Print word for word whatever lies between the first line of the material and the line holding "85in Class 8", both included, and omit all pictures.

STORED DATA:
──────
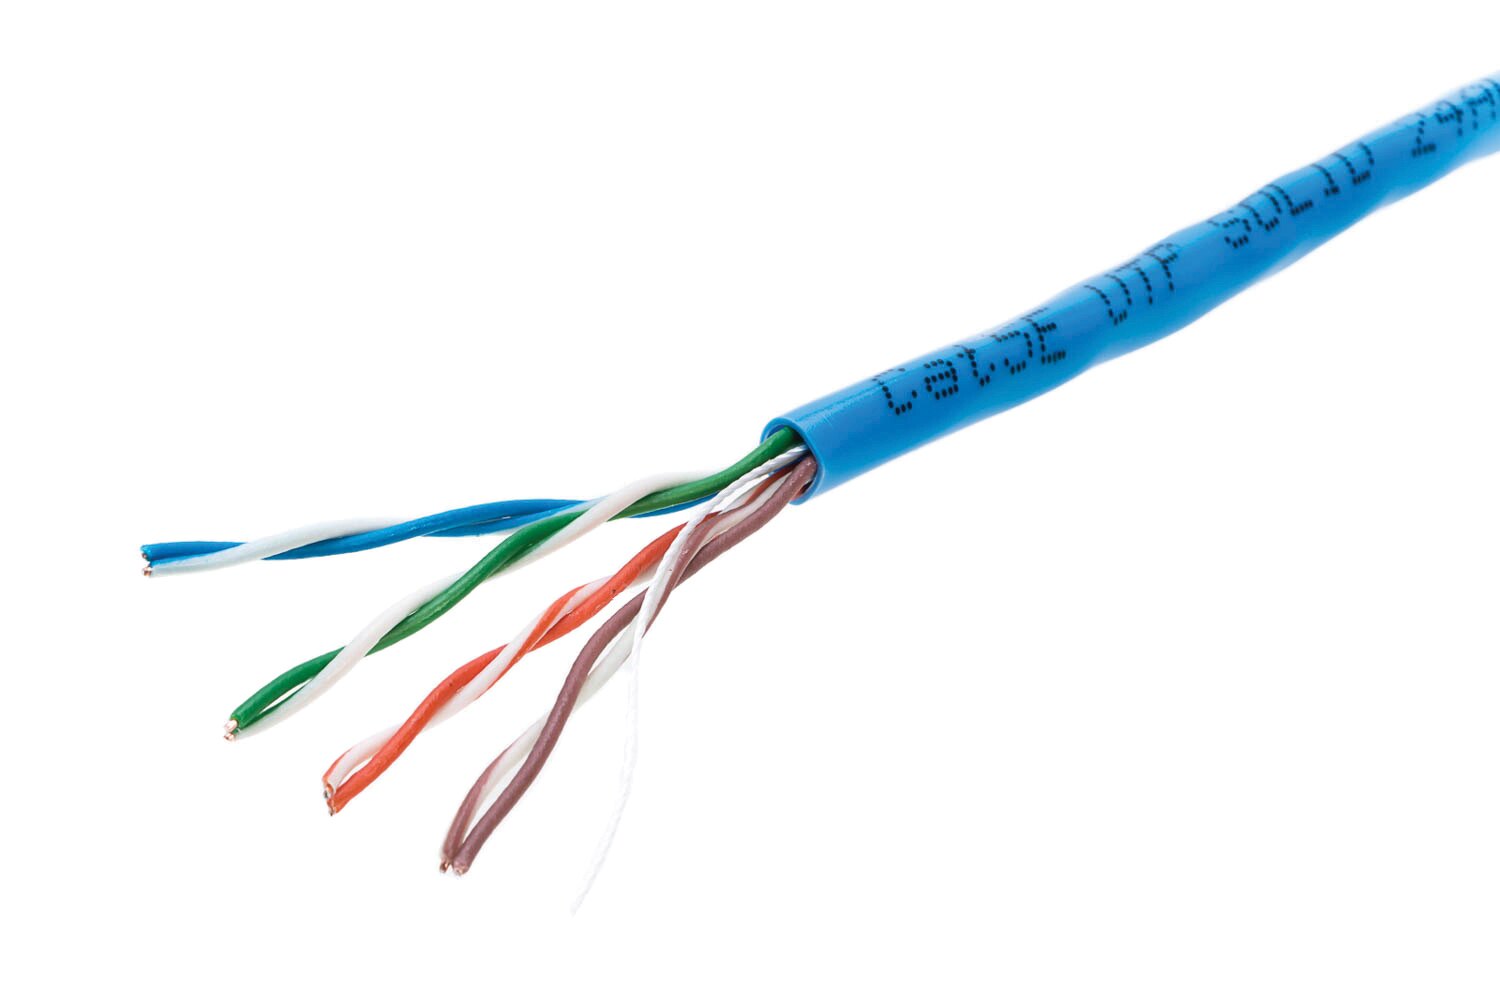 What should I know about the internal cabling
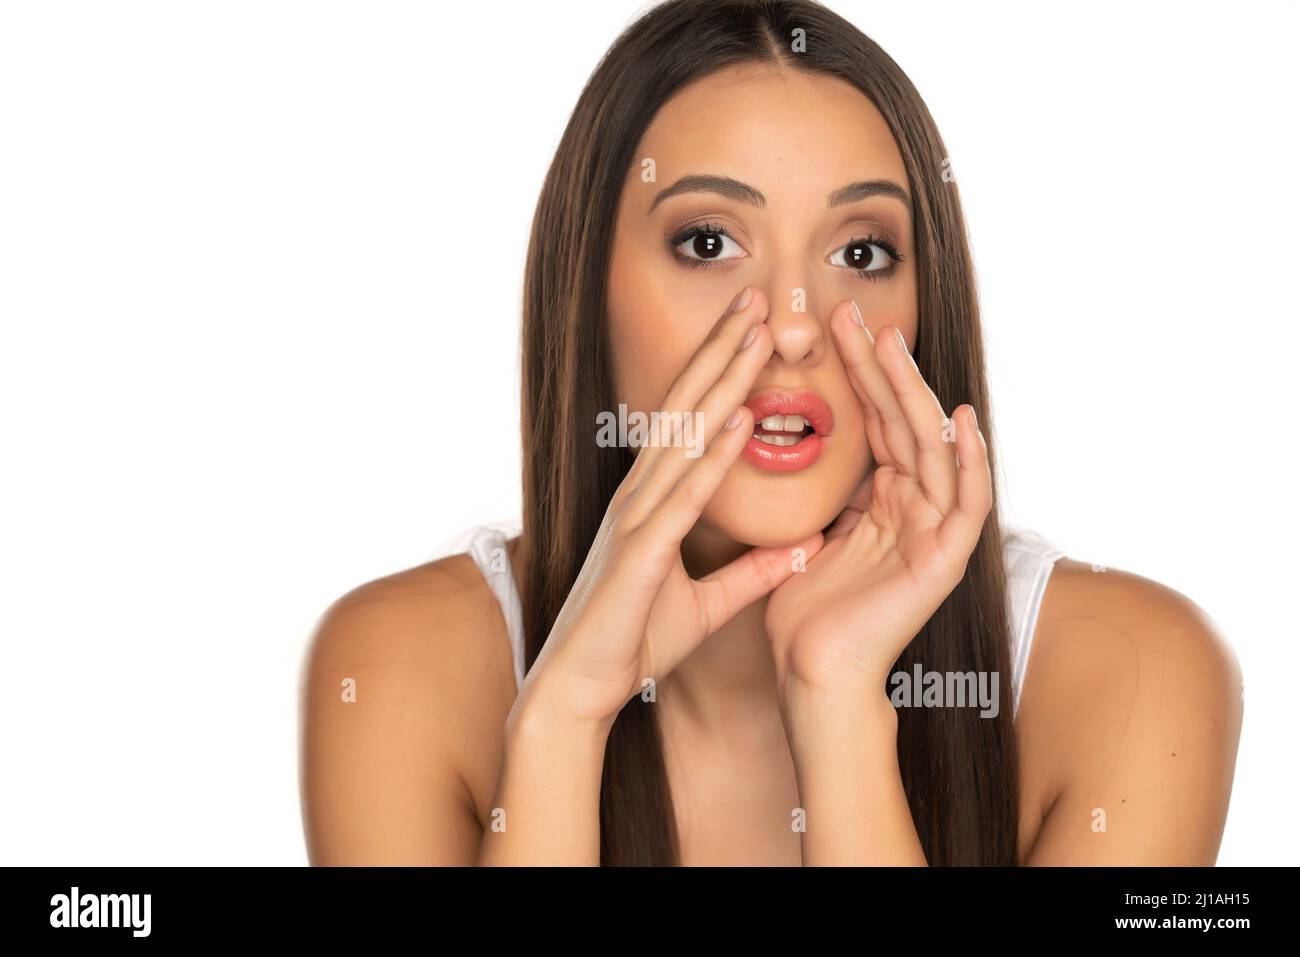 Young woman is holding hands near mouth and telling a secret on a white background Stock Photo
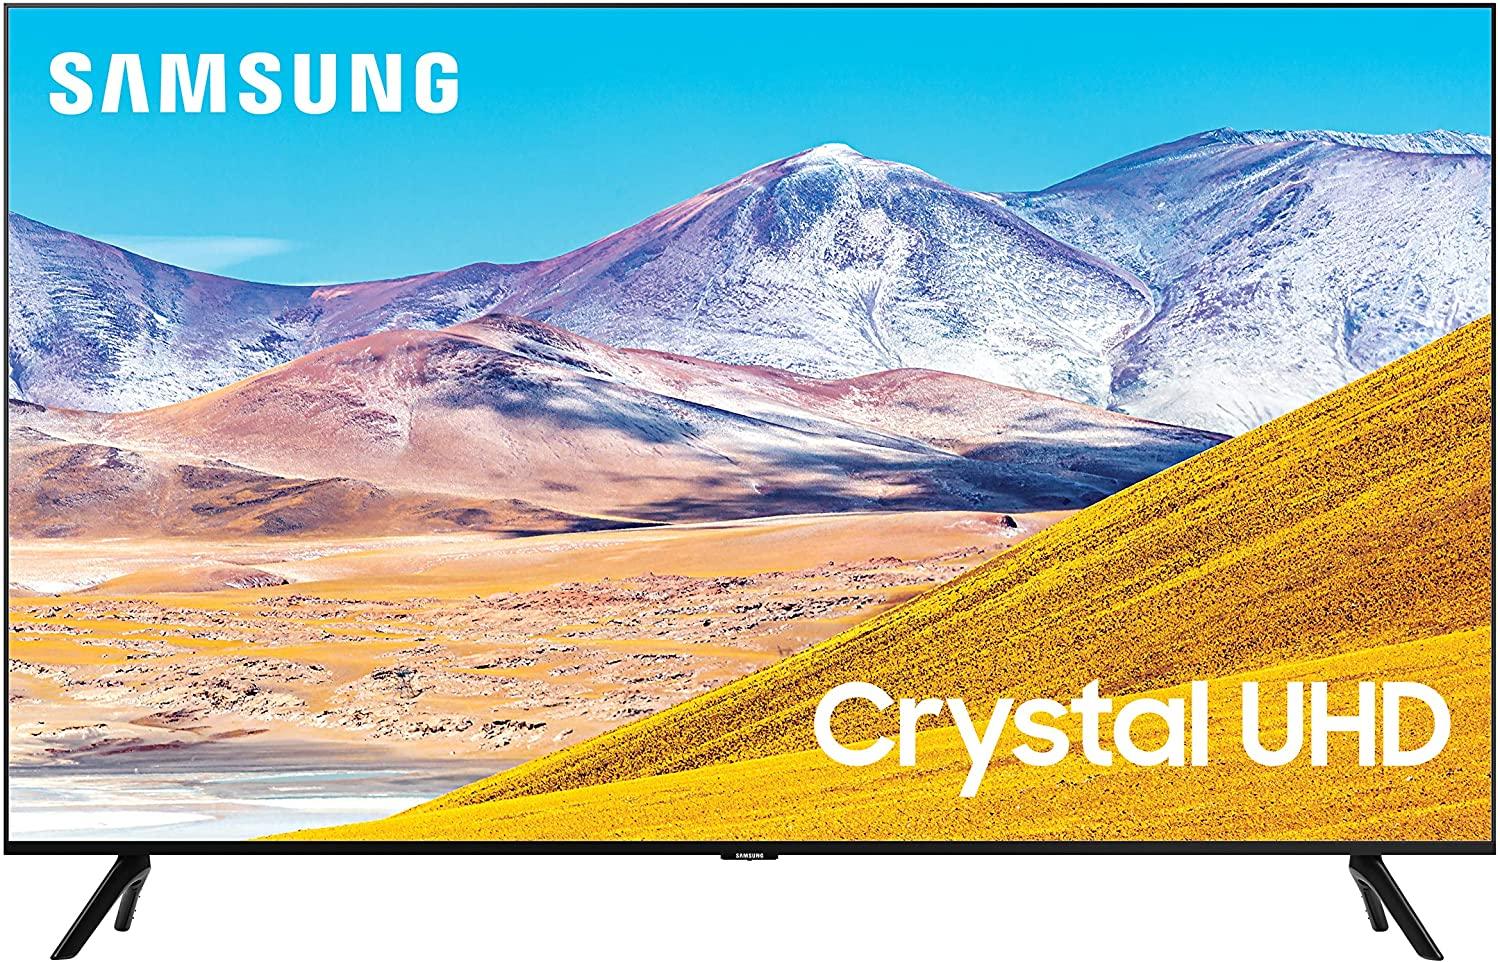 85in Class 8 Series LED 4K UHD Smart Tizen TV for $1597.99 Shipped
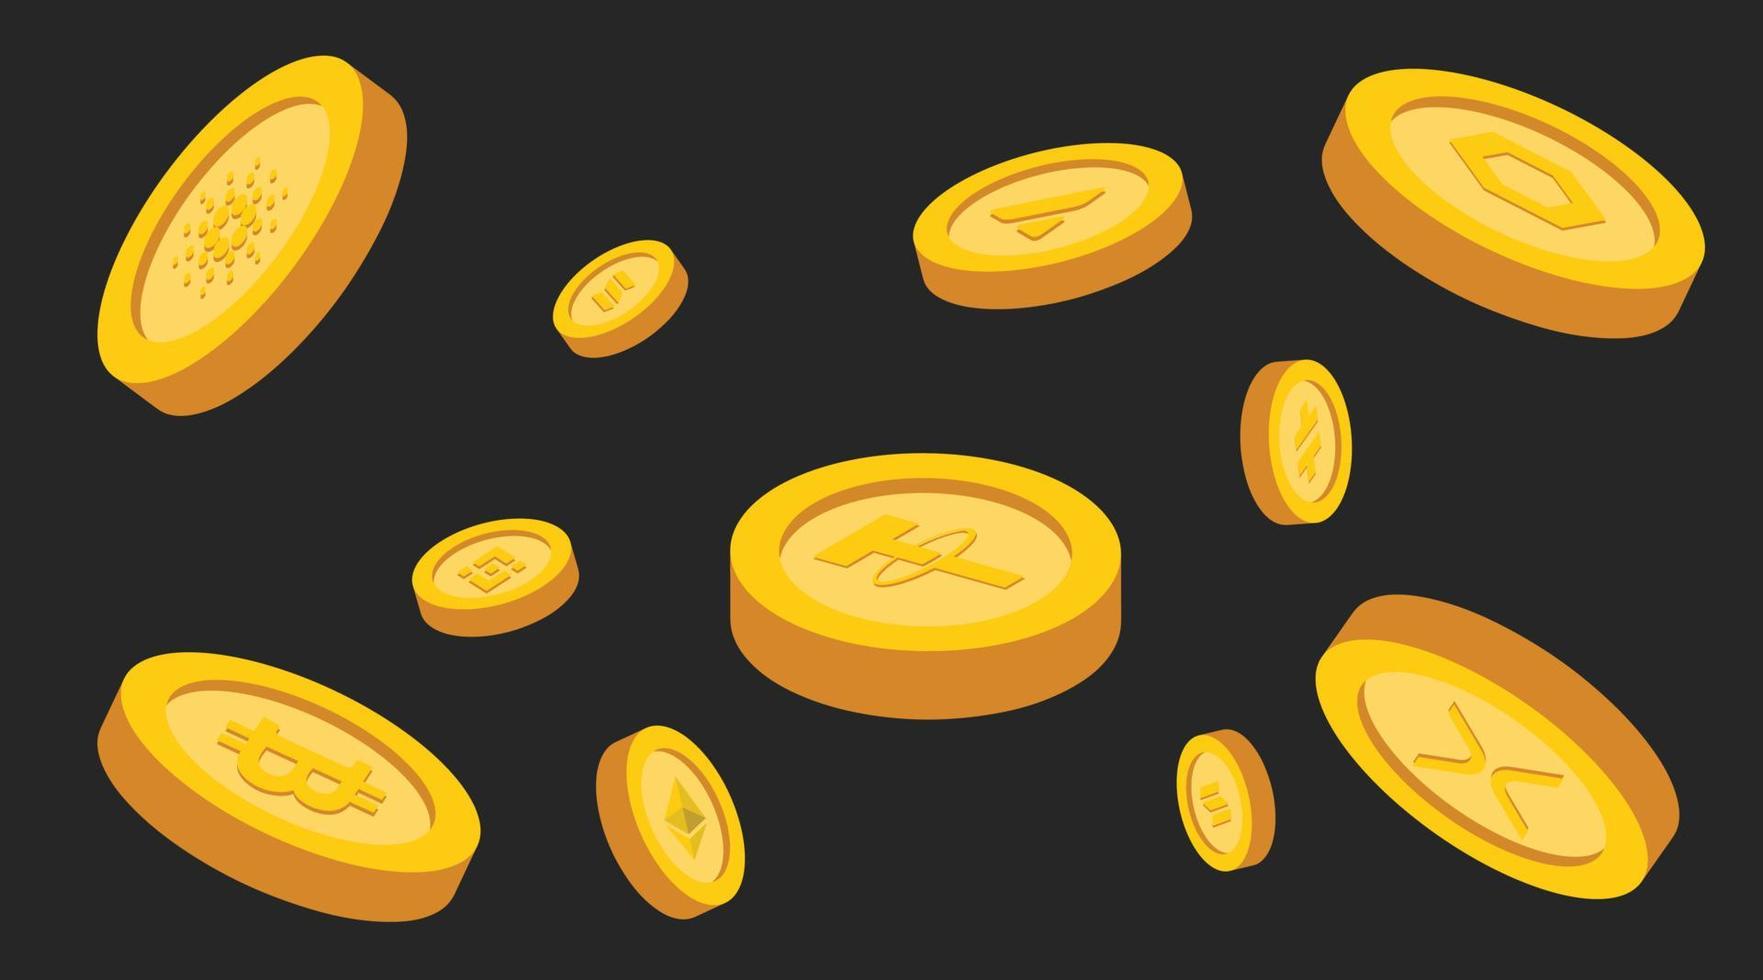 Crypto currency golden coins floating free vector illustration template
──────
ANSWER TO THIS EXERCISE:
 What should I know about the internal cabling
 Young woman is holding hands near mouth and telling a secret on a white background Stock Photo
 85in Class 8 Series LED 4K UHD Smart Tizen TV for $1597.99 Shipped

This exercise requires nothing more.